**Stored data**
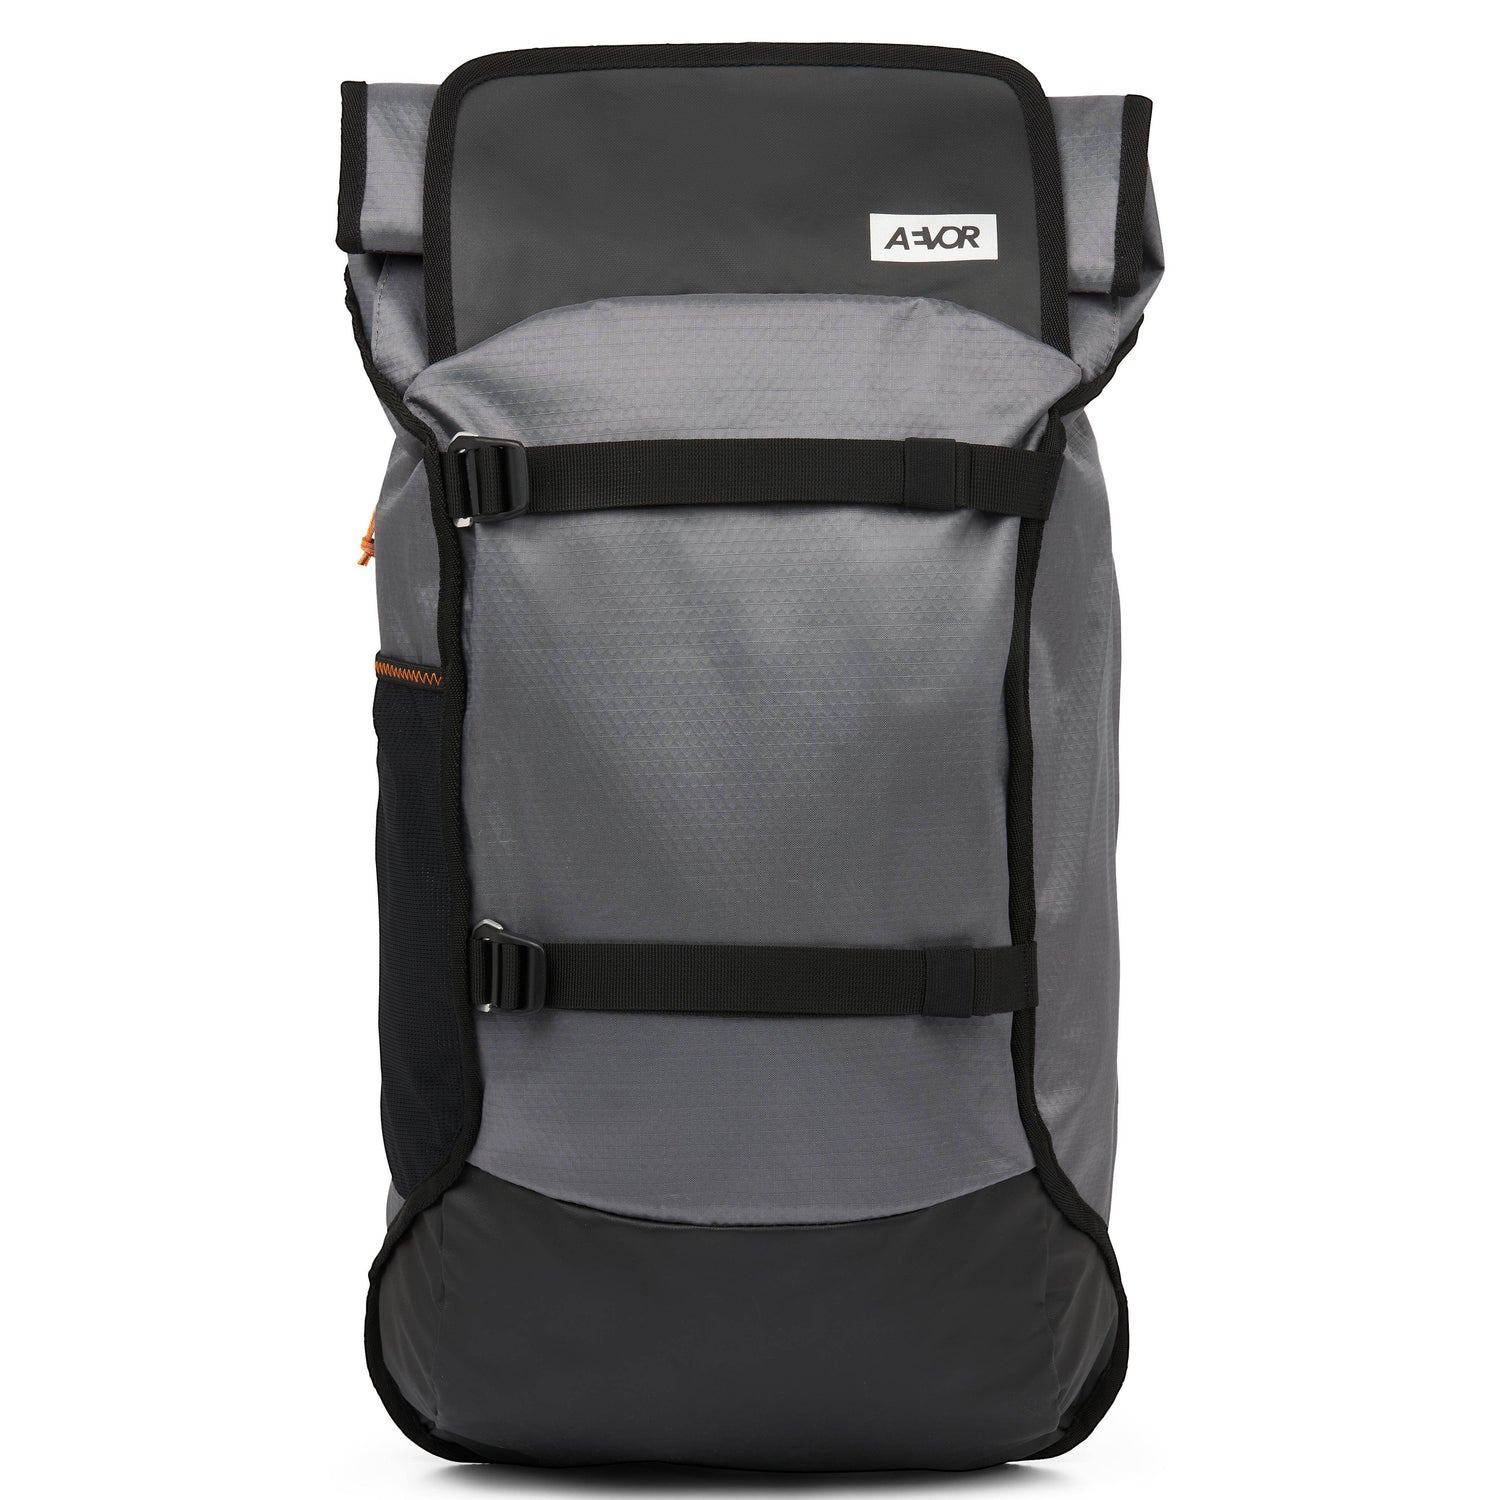 Aevor Trip Pack Proof backpack - Waterproof bag made from recycled PET-bottles Sundown Bags
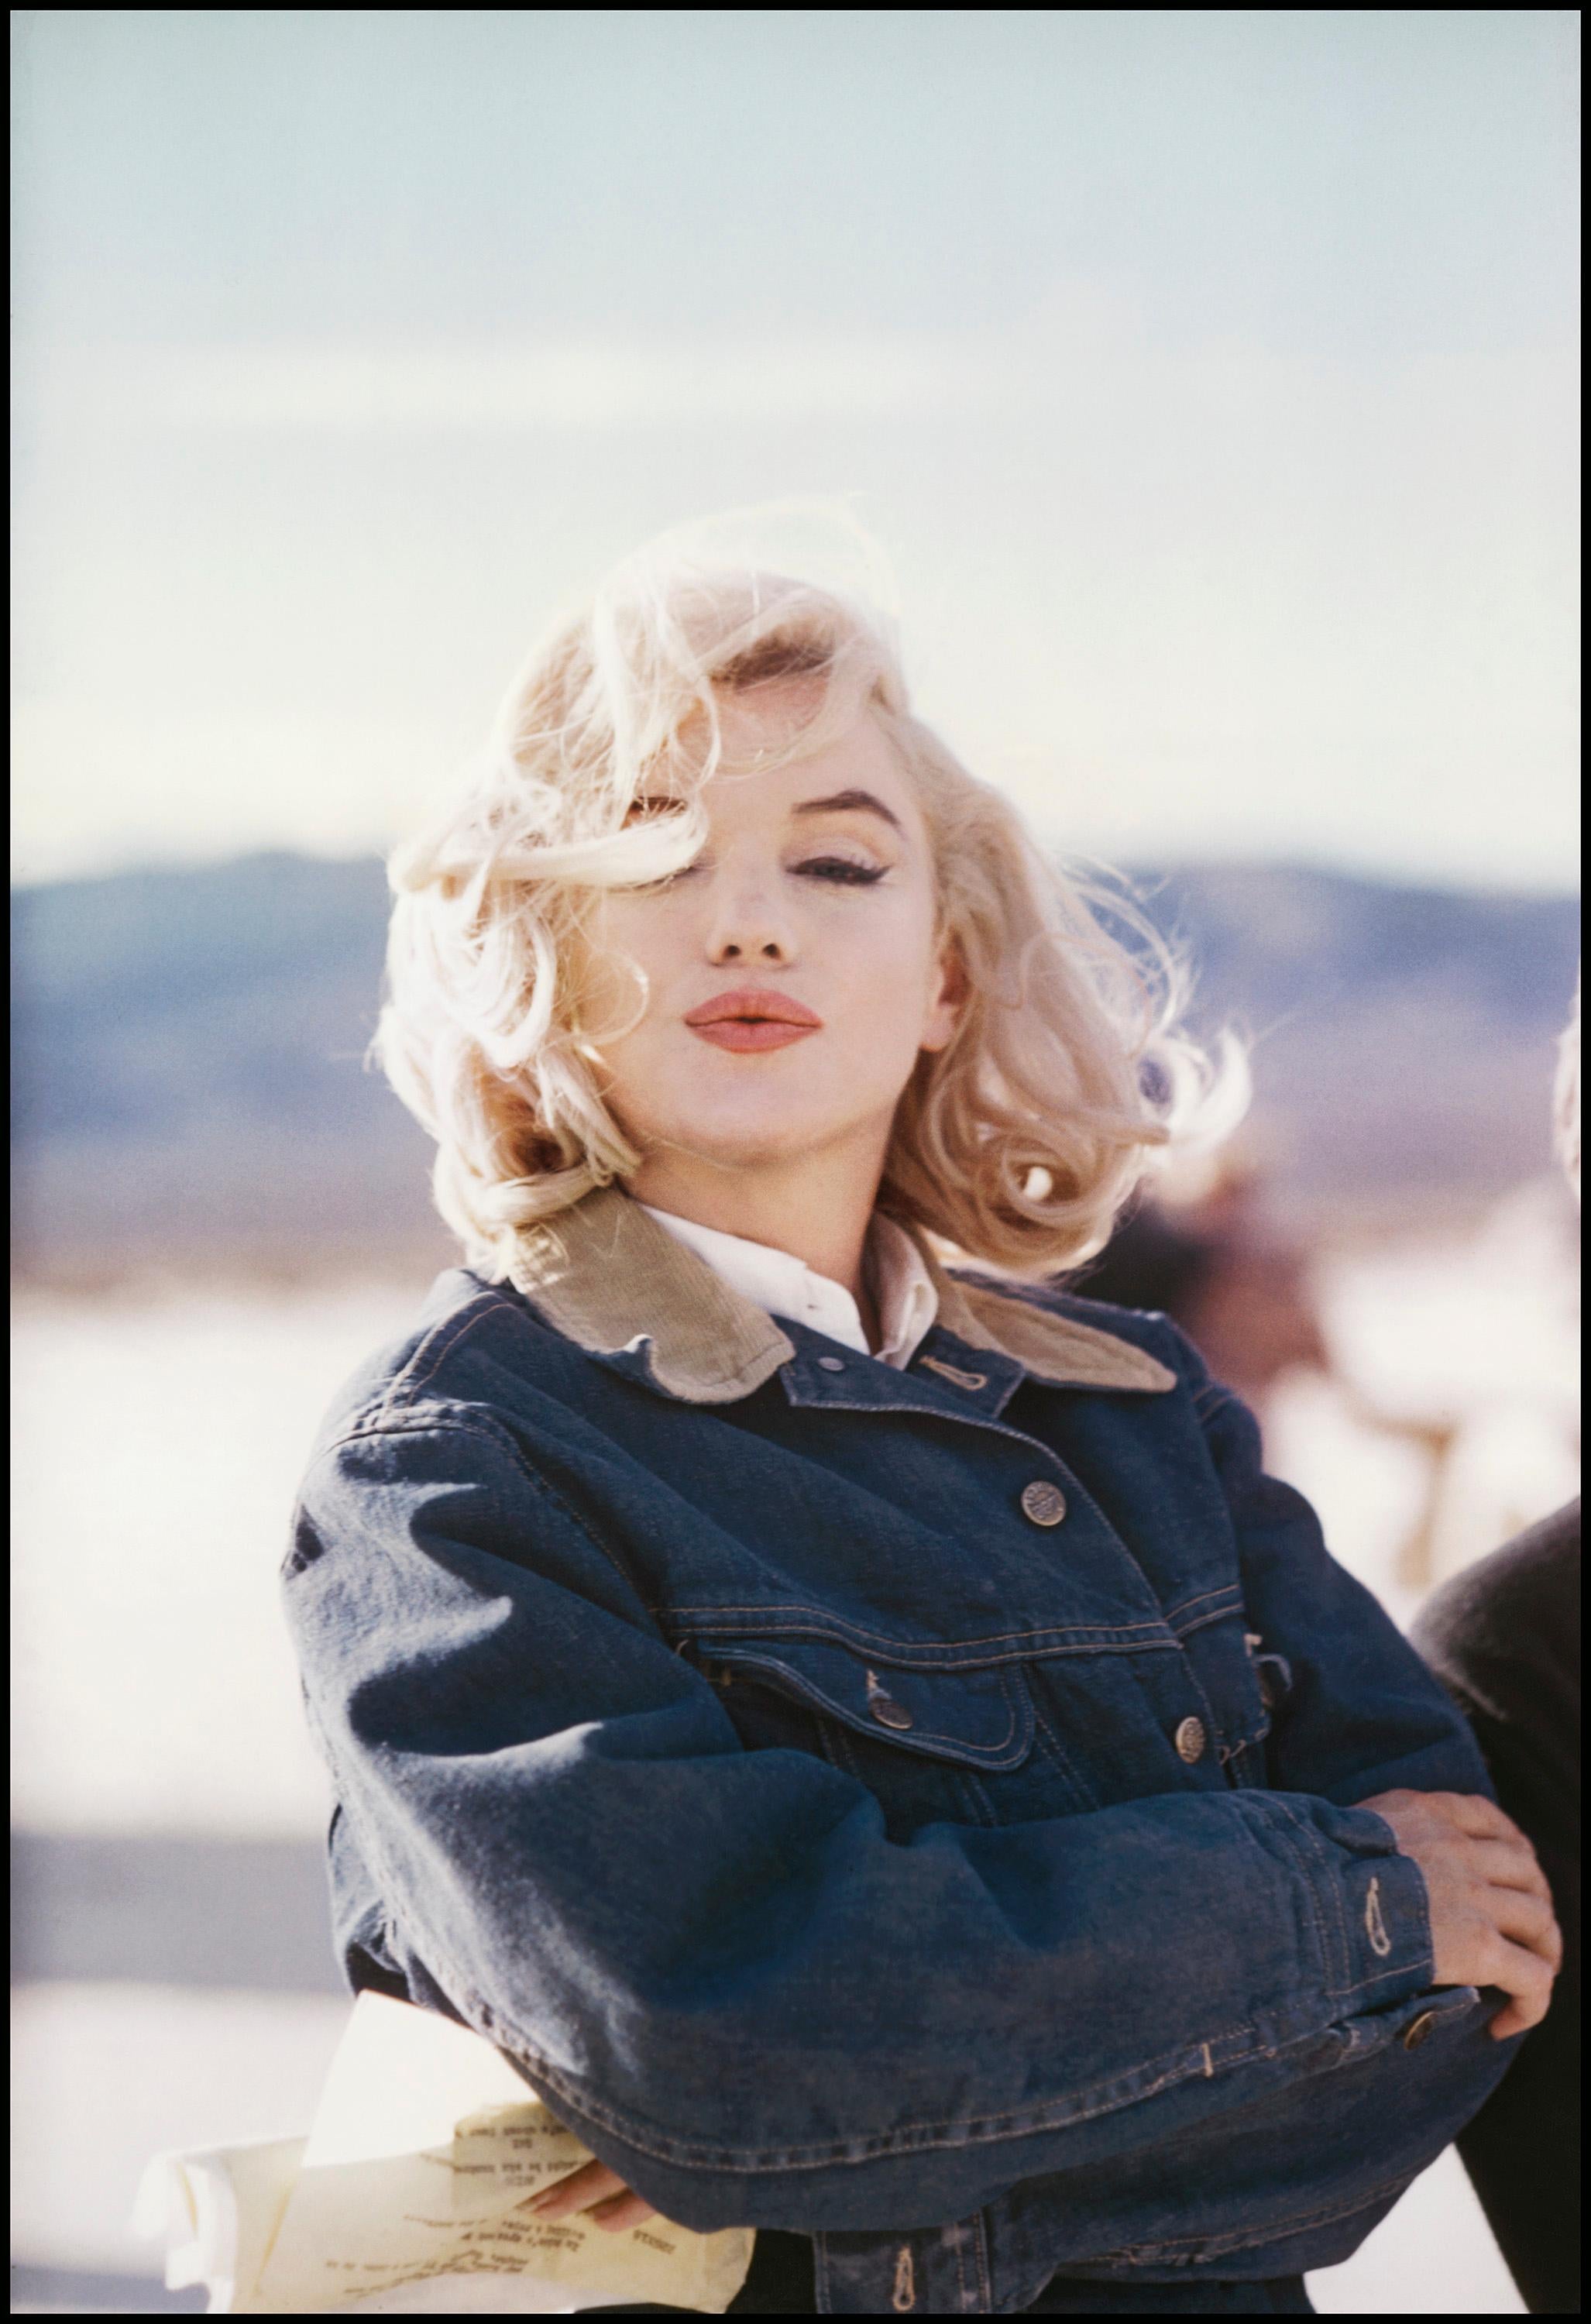 Marilyn Monroe am Set von "The Misfits", Reno, Nevada, 1960.

Alle verfügbaren Größen und Ausgaben:
24" x 20", Auflage 25 + 3 Probedrucke
34" x 24", Auflage 25 + 3 Probedrucke

"Eve Arnold, 1912 als Tochter russischer Einwanderer in Philadelphia

**Aim of the task**
Every entry should come back exactly as written, only without images.

**Response to this exercise**
 Aevor Trip Pack Proof backpack - Waterproof bag made from recycled PET-bottles Sundown Bags
 Marilyn Monroe am Set von "The Misfits", Reno, Nevada, 1960.

Alle verfügbaren Größen und Ausgaben:
24" x 20", Auflage 25 + 3 Probedrucke
34" x 24", Auflage 25 + 3 Probedrucke

"Eve Arnold, 1912 als Tochter russischer Einwanderer in Philadelphia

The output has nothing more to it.